Illinois was won by Governor Bill Clinton (D-Arkansas) with 48.58% of the popular vote over incumbent President George H. W. Bush (R-Texas) with 34.34%. Businessman Ross Perot (I-Texas) finished in third, with 16.64% of the popular vote. In 1988, Dukakis also received 48.6% of the vote.

Clinton ultimately won the national vote, defeating incumbent President Bush. Clinton became the first Democrat to win Illinois on a presidential level since 1964 and notably won seven of 21 Illinois counties that had backed Barry Goldwater in that election. He remains the only Democrat to win Johnson County and Pope County — Southern and anti-Yankee in culture but converted to Unionism by war — since Stephen A. Douglas in 1860. In Northern Illinois Clinton became the first Democrat to ever win Whiteside County which had voted in Presidential elections since 1840, the first to win DeKalb County since Franklin Pierce in 1852, and the first to win Bureau, McDonough and Warren Counties since Franklin D. Roosevelt in 1932.

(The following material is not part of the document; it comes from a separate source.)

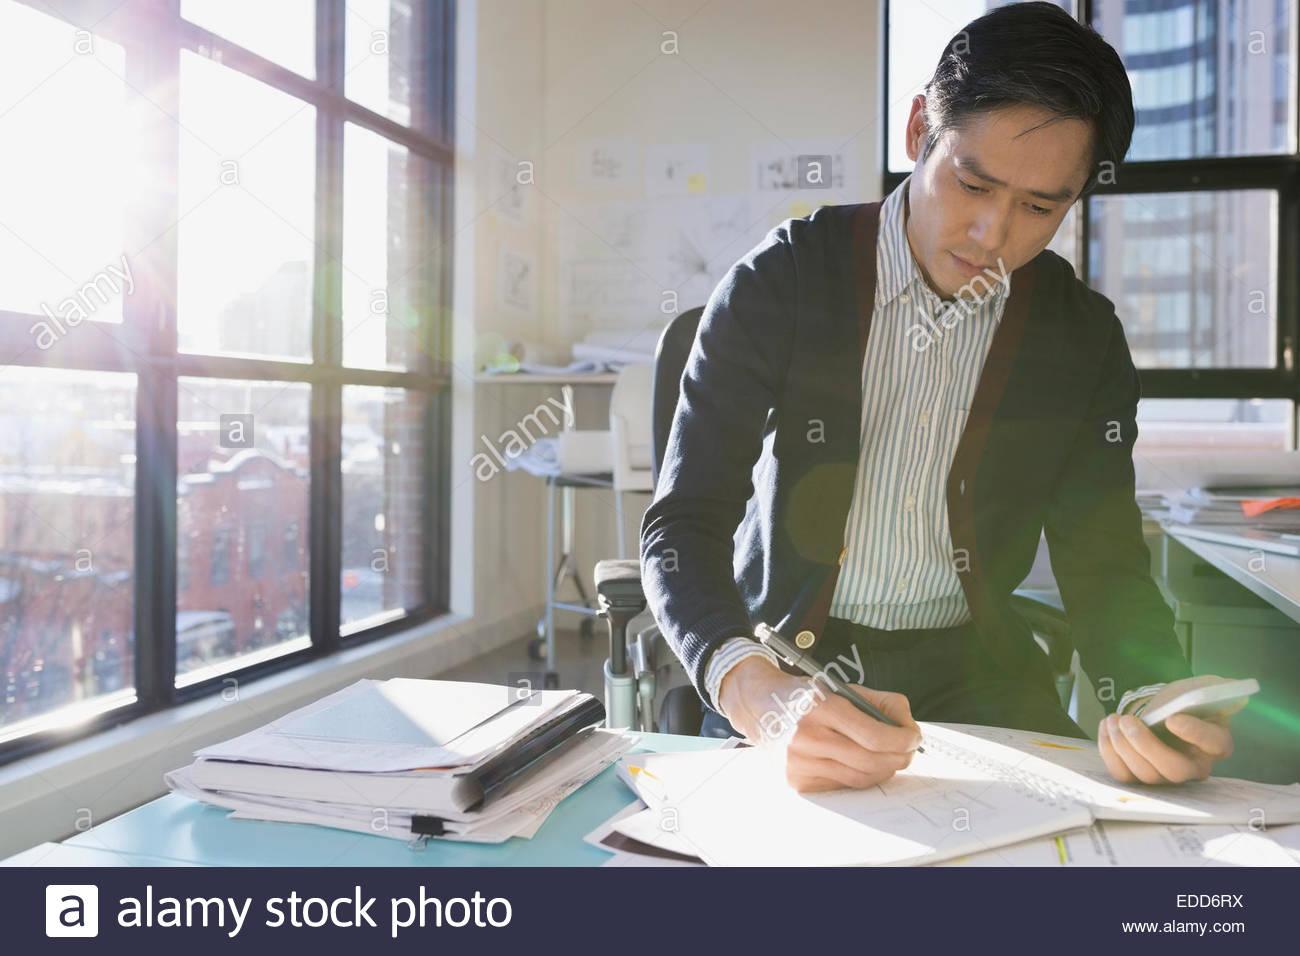 Elaboración de planes de arquitecto en la oficina de sol Imagen De Stock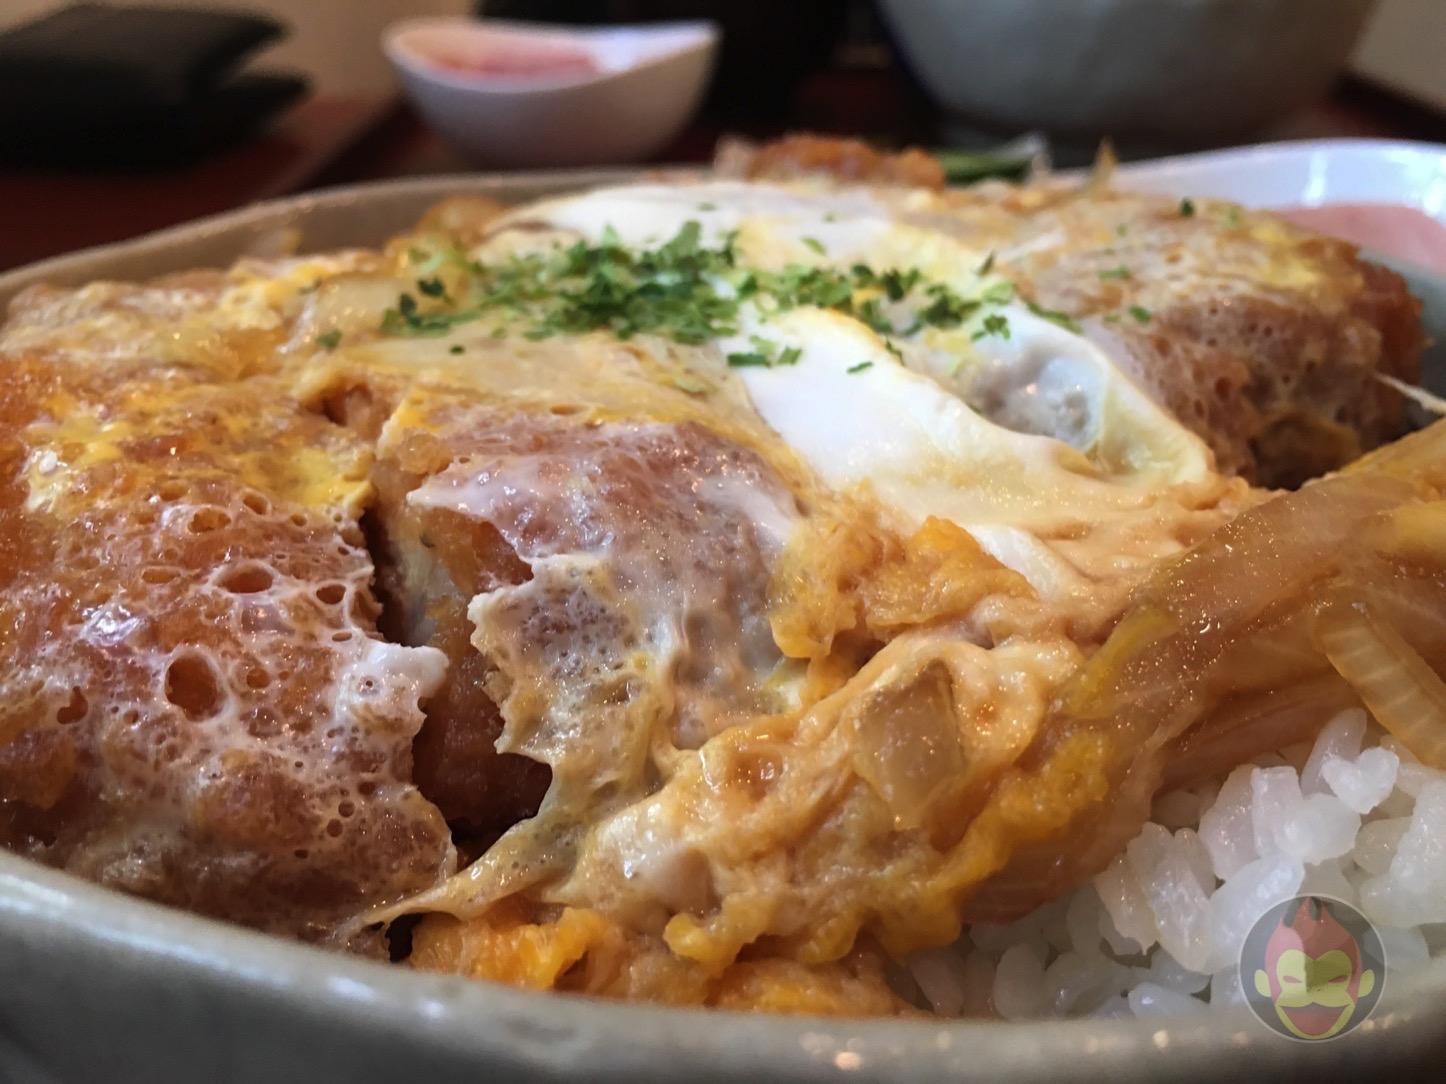 育風堂精肉店のカツ丼が美味しすぎる件

This represented a realigning election for Illinois in regards to presidential politics. The first time that Illinois voted for the Democratic ticket in a presidential election since 1964, this ended a streak of six consecutive elections in which the state had voted for the Republican ticket. It also began a streak that, as of the 2020 election, continues, in which the state has voted by double digits for the Democratic ticket in eight consecutive presidential elections.

As of the 2020 presidential election, this is also the last election in which the following counties voted for a Democratic presidential candidate: Brown, Clark, Crawford, Cumberland, Douglas, Edgar, Jasper, Monroe, Richland, and Tazewell.

Election information
The primaries and general elections coincided with those for other federal elections (Senate and House), as well as those for state offices.

Turnout
For the state-run primaries (Democratic and Republican), turnout was 39.82%, with 2,335,270 votes cast. For the general election, turnout was 76.51%, with 5,050,157 votes cast.

Primaries
State-run primaries were held for the Democratic, Republican, parties on March 17.

Democratic

The 1992 Illinois Democratic presidential primary was held on March 17, 1992 in the U.S. state of Illinois as one of the Democratic Party's statewide nomination contests ahead of the 1992 presidential election.

Republican

The 1992 Illinois Republican presidential primary was held on March 17, 1992 in the U.S. state of Illinois as one of the Republican Party's statewide nomination contests ahead of the 1992 presidential election.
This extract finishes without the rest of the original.